By November of 1988 however, talks between Gladden and Motown Records to permit them to use the song "Heat Wave" and the title of the film broke down causing Gladden to temporarily label the project as "Weekend at Bernie's" before it was then retitled as "Hot and Cold" for the rest of the production. Director Ted Kotcheff however disliked the title and pushed to have it retitled back to "Weekend at Bernie's" just before its release. The film had a "sneak" preview on April 2, 1989 with a test audience and was deemed successful enough to be released.
Additional/Alternate Movie Taglines[]
- Bernie may be dead, but he's still the life of the party!
- A lively comedy about a guy who isn't.
- The drop dead comedy of the year!
- Two morons. One corpse. And the plot thickens...
- Bernie Lomax would be the perfect host except for one small problem ... He's dead.
Reception[]
Weekend at Bernie's was released on July 5, 1989 in the United States alongside Lethal Weapon 2 and The Music Teacher. It debuted in 1,134 theaters nationwide and earned a total gross of $4,506,086 for its opening weekend but failed to overcome the stiff competition from such previously running blockbuster films such as Batman and Indiana Jones & the Last Crusade; and ultimately came in at 8th place of the most popular films for that weekend.
It swiftly declined in popularity and ticket sales over the next few weeks including the number of theaters shown in, ending up at the 12th most popular film after its meager 4-week box office run.
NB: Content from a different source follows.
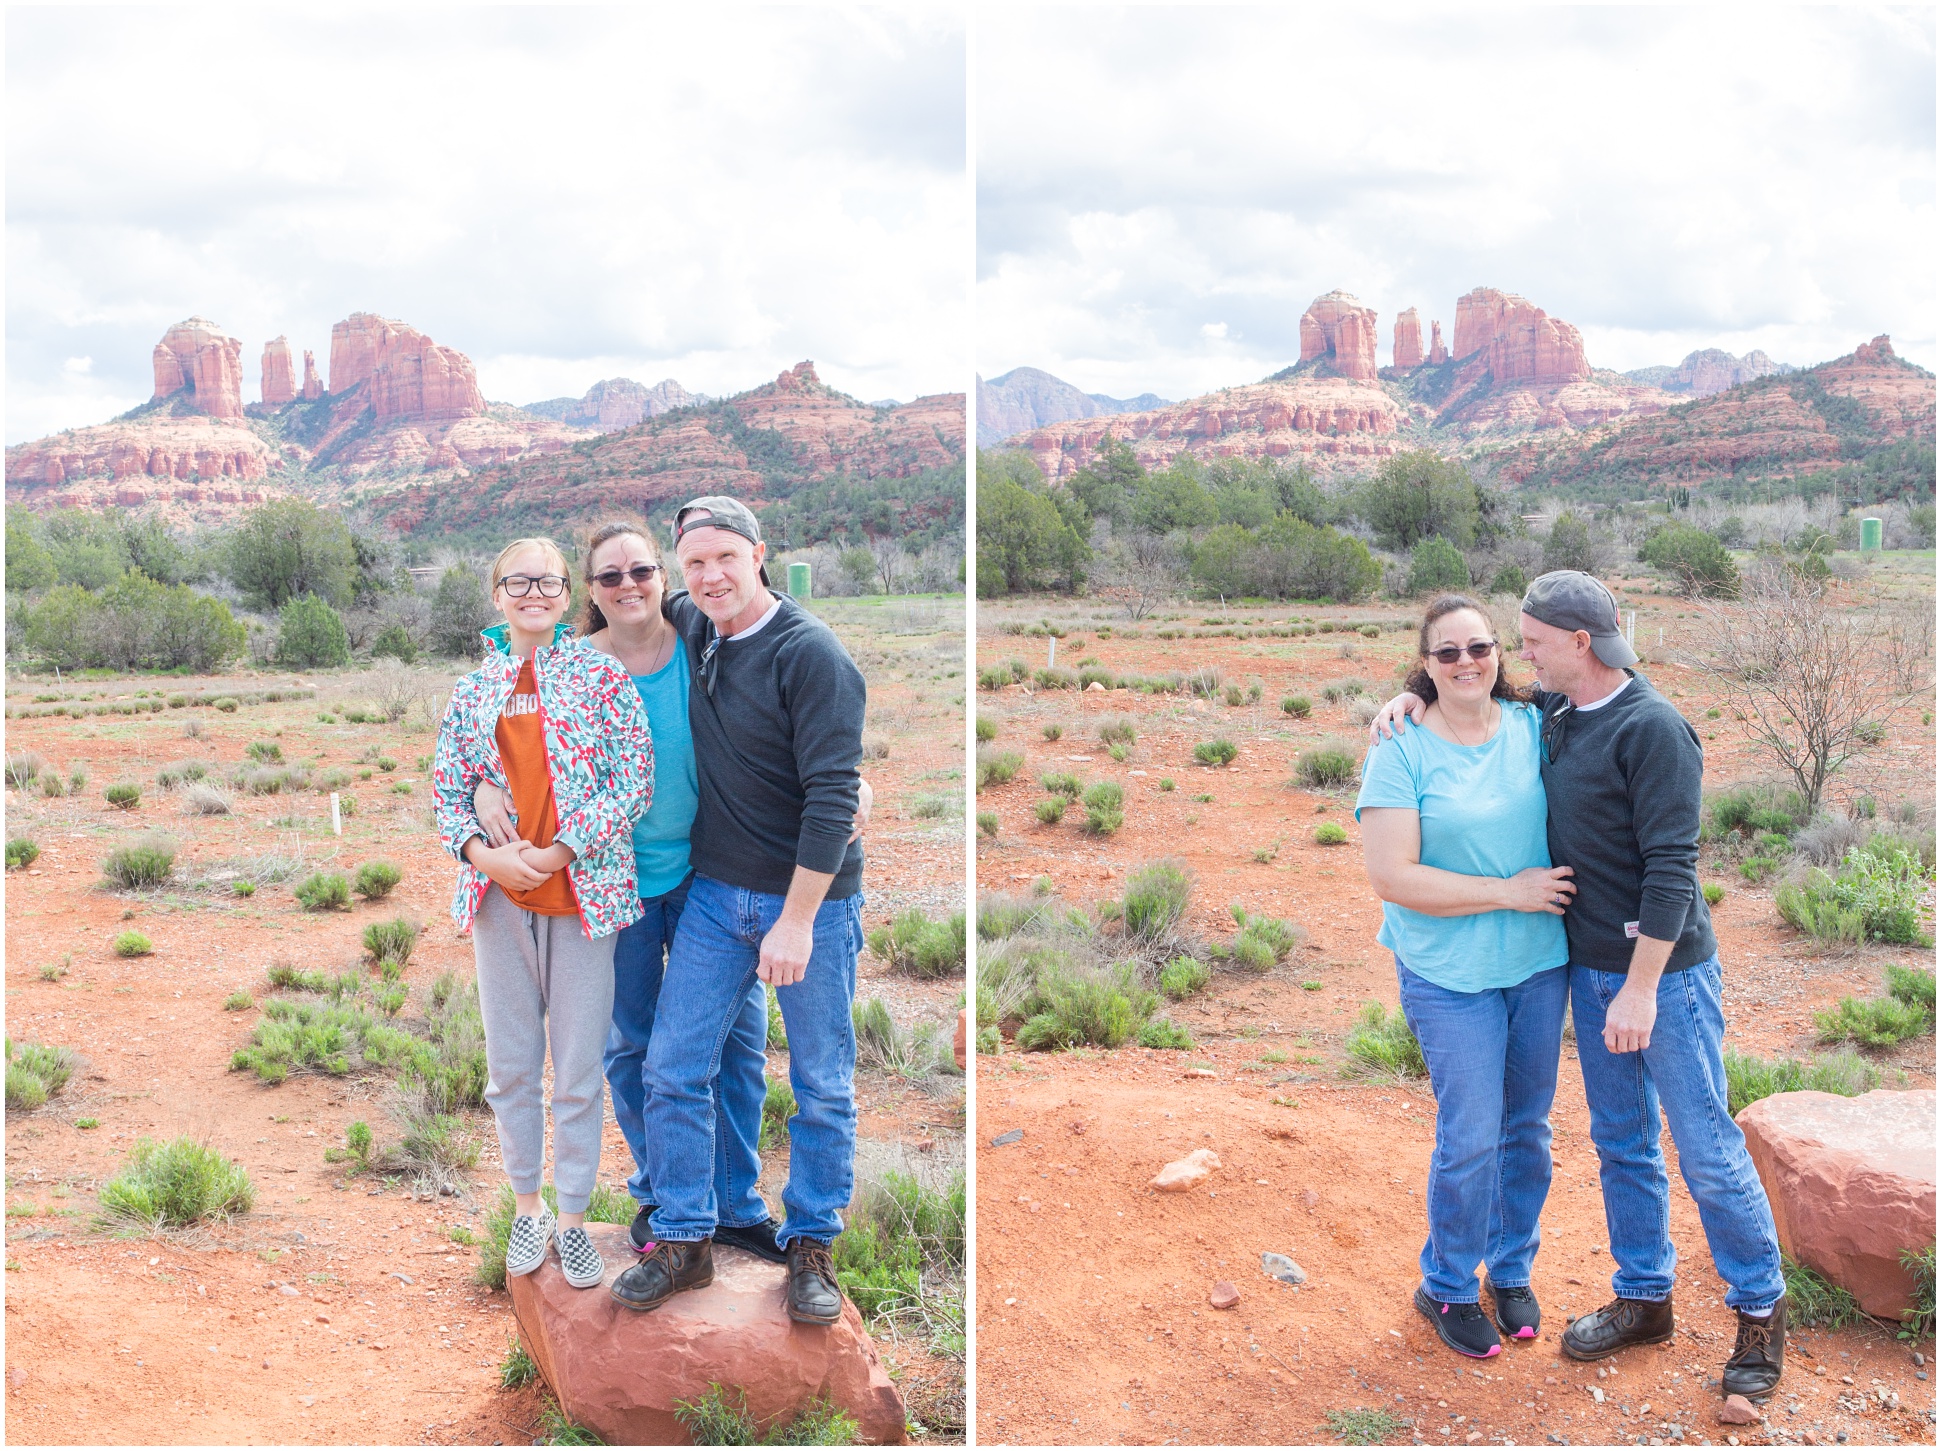 Two images of my family members, daughter, mom, dad, in front of the red rocks in Sedona

Overall, it earned a total of $30,218,387 domestically and was not released internationally.
Weekend at Bernie's received relatively low ratings by the critics who viewed it as "crude", "tasteless" or as Peter Travers of Rolling Stones magazine proclaimed: "dragging one tired joke around for two hours. Like Bernie." The Rotten Tomatoes website gave it a 54% "Rotten" approval rating with Metacritic scored it "32 out of 100" and pronounced it generally unfavorable.
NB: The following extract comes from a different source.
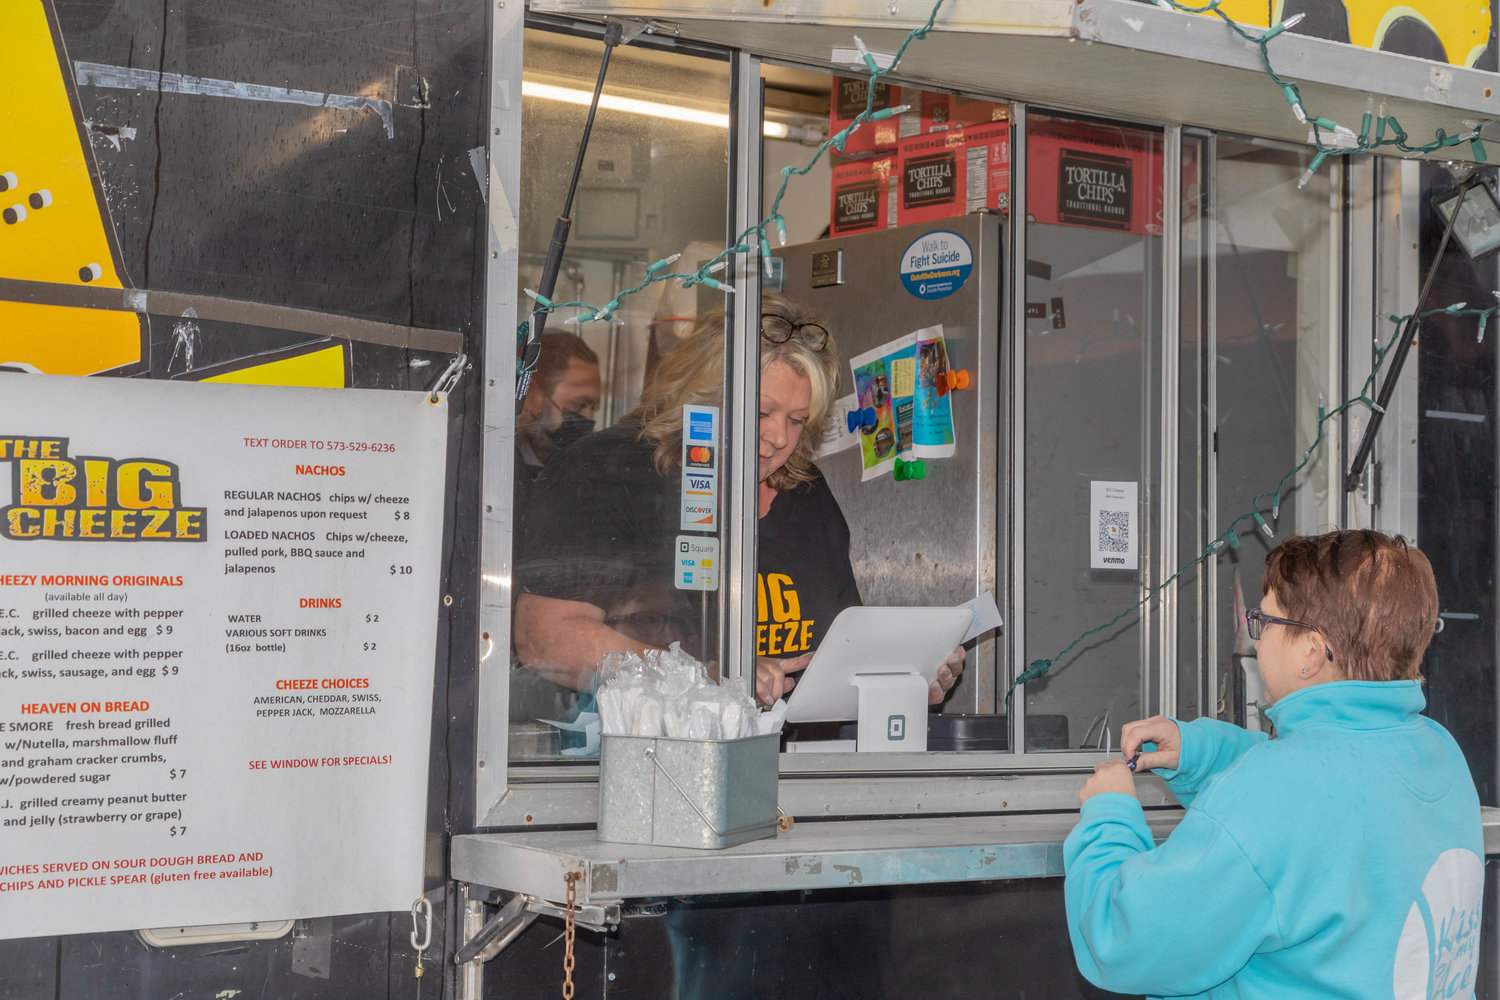 The Big Cheese serves a customer during the Street Food Throwdown at The Fennel Wednesday in Moberly. A short rain met the opening of the event but moved out in time for Concannon’s performance. Organizers estimated that nearly 1,000 people attended.

Audiences however gave it mixed ratings and it also did quite well in video rentals and sales. Thus the film was considered a commercial success, earning roughly double its production costs which prompted Gladden Entertainment to produce a sequel, Weekend at Bernie's II which reunited the primary cast members but failed to equal the success of its predecessor. A third film was also in the works by Gladden but the stunning failure of the sequel prompted those plans to be scrapped. Persistent rumors of an attempt to have a third film or a remake have occasionally surfaced over the years but it appears that no production company is seriously pursuing it.
The film has been released numerous times on both Betamax and VHS video tape and most recently on DVD and Blu-Ray. In the DVD versions, it has been released singly or paired with the sequel.
Trivia[]
- Andrew McCarthy originally was intended to play the straight laced Richard but after reading the script, felt that he better fit the role of Larry instead.
- This film was cited as being the favorite movie of Friends' character Rachel Greene in the episode, "The One With The Embryos".